- [Information given]:
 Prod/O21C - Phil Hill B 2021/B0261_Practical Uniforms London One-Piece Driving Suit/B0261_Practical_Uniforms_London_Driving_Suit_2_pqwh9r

* * *

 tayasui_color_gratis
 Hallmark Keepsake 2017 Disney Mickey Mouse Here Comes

- [Task requirements]: Would you copy out exactly the lines above that start at the one containing "tayasui_color_gratis" and end at the one containing "Hallmark Keepsake 2017", inclusive?

- [Finished task]:
 tayasui_color_gratis
 Hallmark Keepsake 2017 Disney Mickey Mouse Here Comes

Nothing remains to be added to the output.